Pages full of hope, though not apparent or banal. As when one wishes eternal life for one's children and not for oneself. Because only a condemned man can love. And that love is, deep down, selfish in its self-annihilation, because the beloved always makes little of love. He needs it to live, to have meaning, and nothing else. Questions that seem obvious, but are only brief moments. They cannot last too long. Love is always an instant that lasts a few minutes, that takes us and that we think about for days, for years, for a lifetime, but like a faded memory. And so comes the voice of that father whose only function is to remain. To become eternal in the eternity of his children. Something that is other than himself. Always near Charleville, a poet who has visions, who dreams, who paints perfectly in a metaphysical style, though not being so, though being anti-metaphysical, where in the chaos of rage and frustration there is movement, ardour and confusion. Photons that cannot be gathered by the cornea. Perhaps a few gazes — those of Luca (the other who is me) or of Annalisa, and I imagine those of many others, like Daniele, Giuseppe, Chiara, Alessandro, Hadil, and many more — in the end, the world lit up with gazes before his works. He who does not make painting, because he is an artist. And when one stands beside him, one sees in the room a canvas still to be finished. Now and then he sits down and gives a brushstroke.
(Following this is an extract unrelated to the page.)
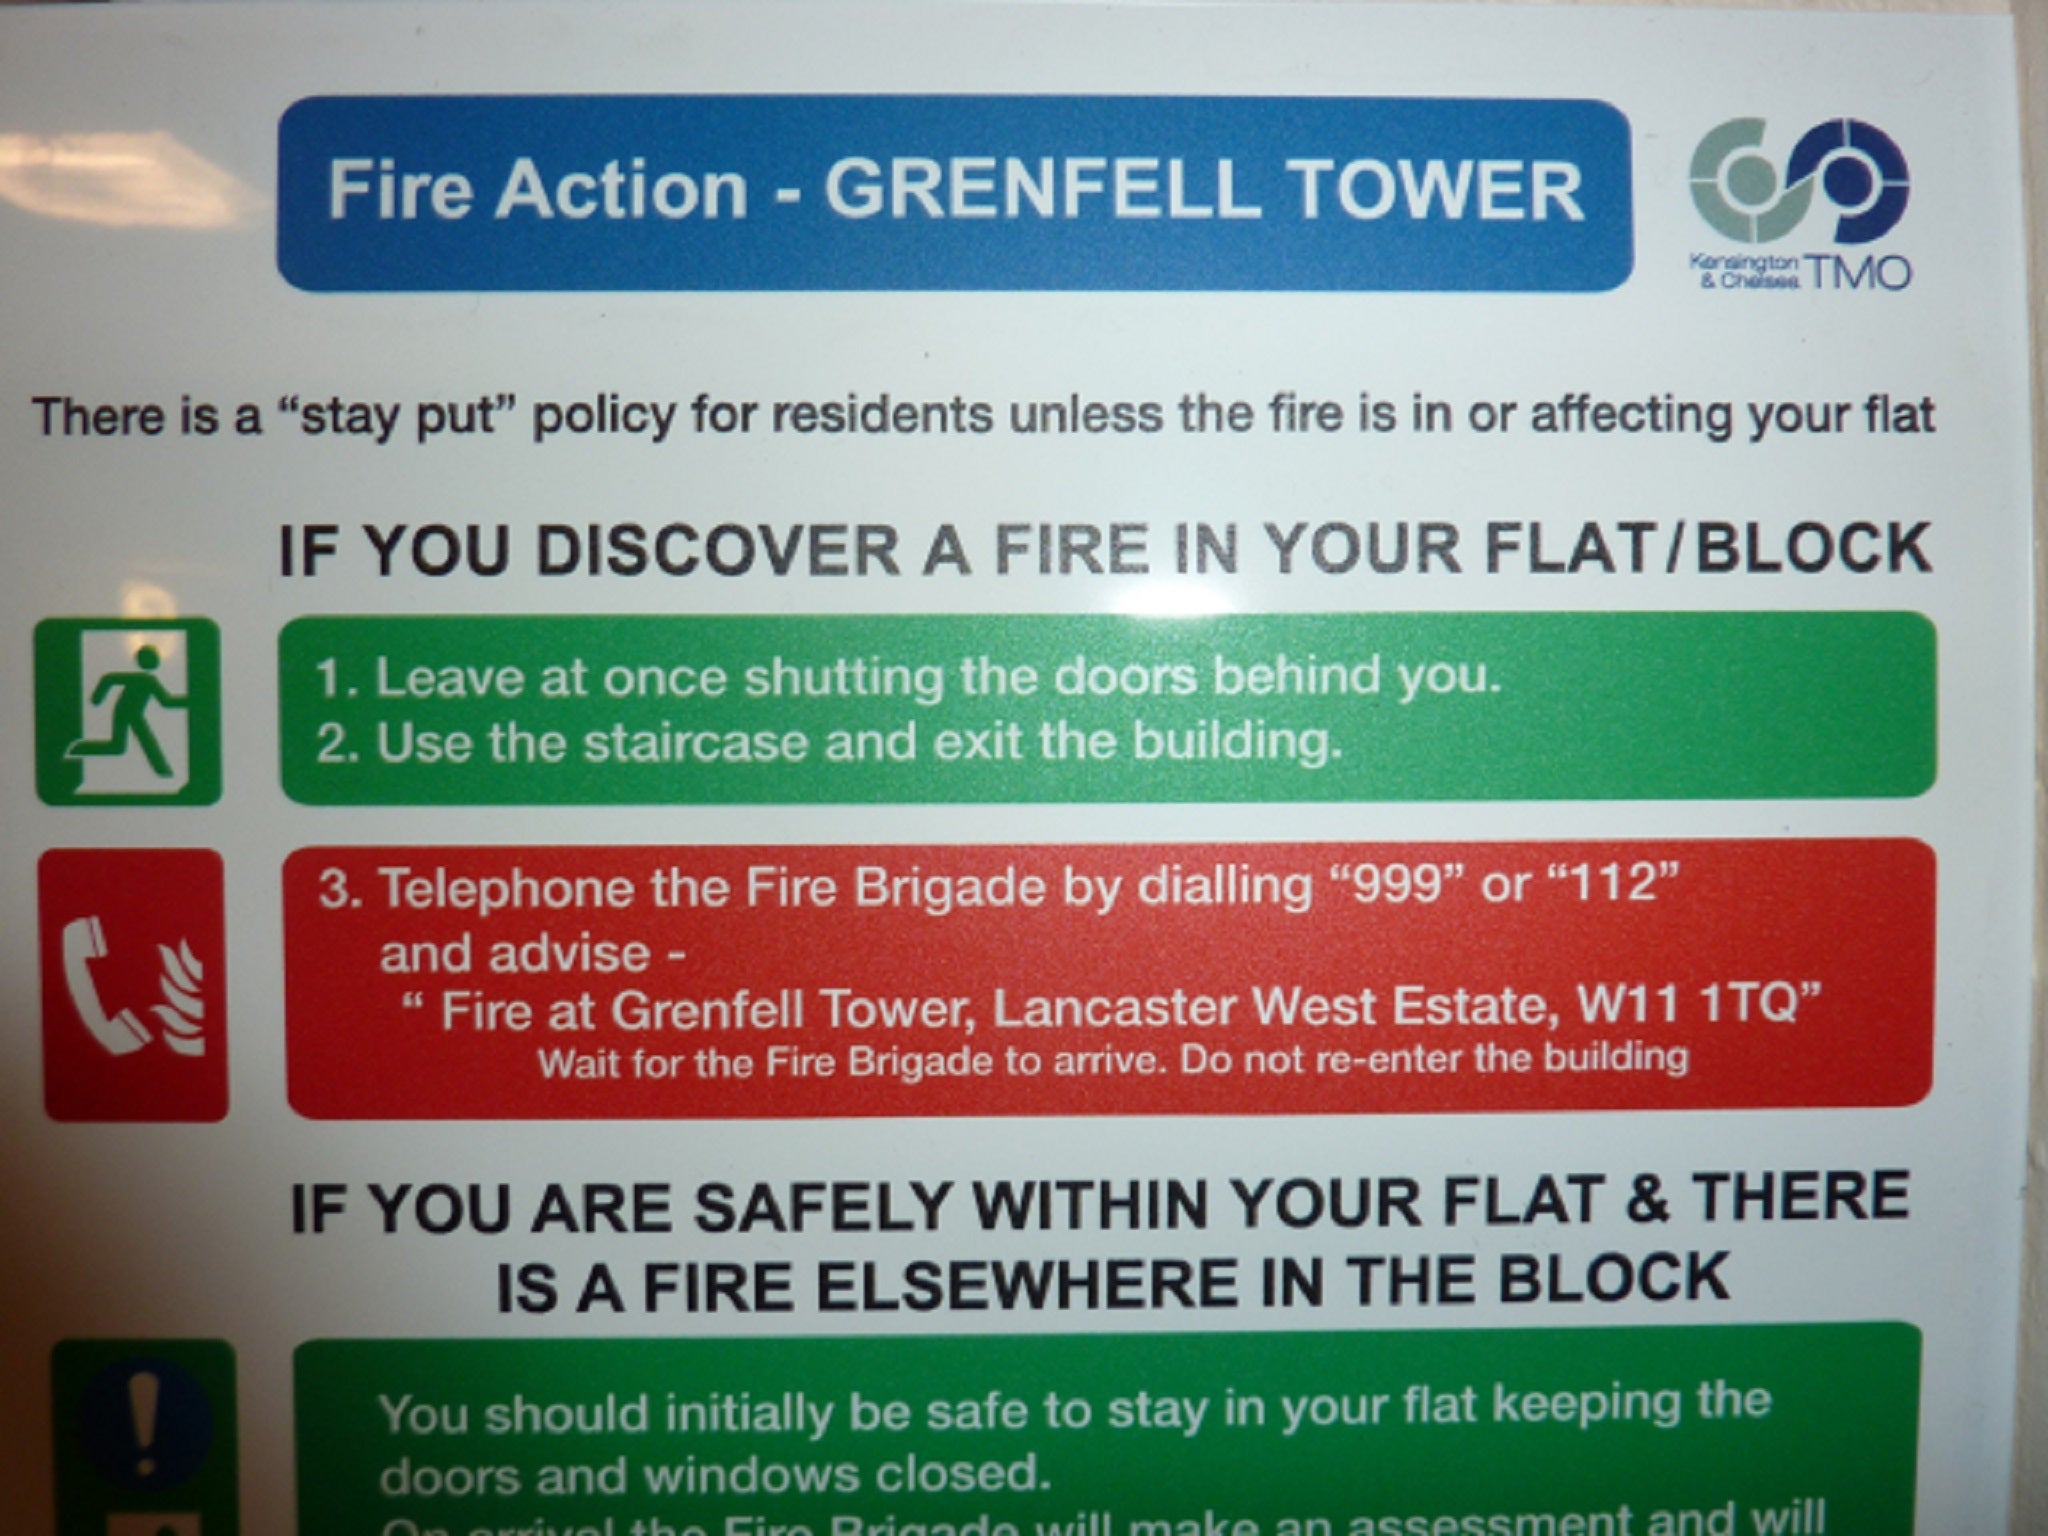 Grenfell Tower operated a "stay put" policy in the event of a fire

Incredible how a seated man can do all this. And inhuman, perhaps, because we can no longer bear those noises coming from the street, while the ants stay quiet, by now absorbed in their metaphysics. It is quite true: Luca Motolese is not a painter, but an anti-metaphysical poet. Because having invested in catastrophe means accepting that tomorrow the strong will always win over the weak, and that we have a great freedom — the Leopardian one of dissenting with nature, with the foul planet on which we set our feet, with that ugly power that dominates to the common harm; and, vanity of vanities, your poverty makes me rich.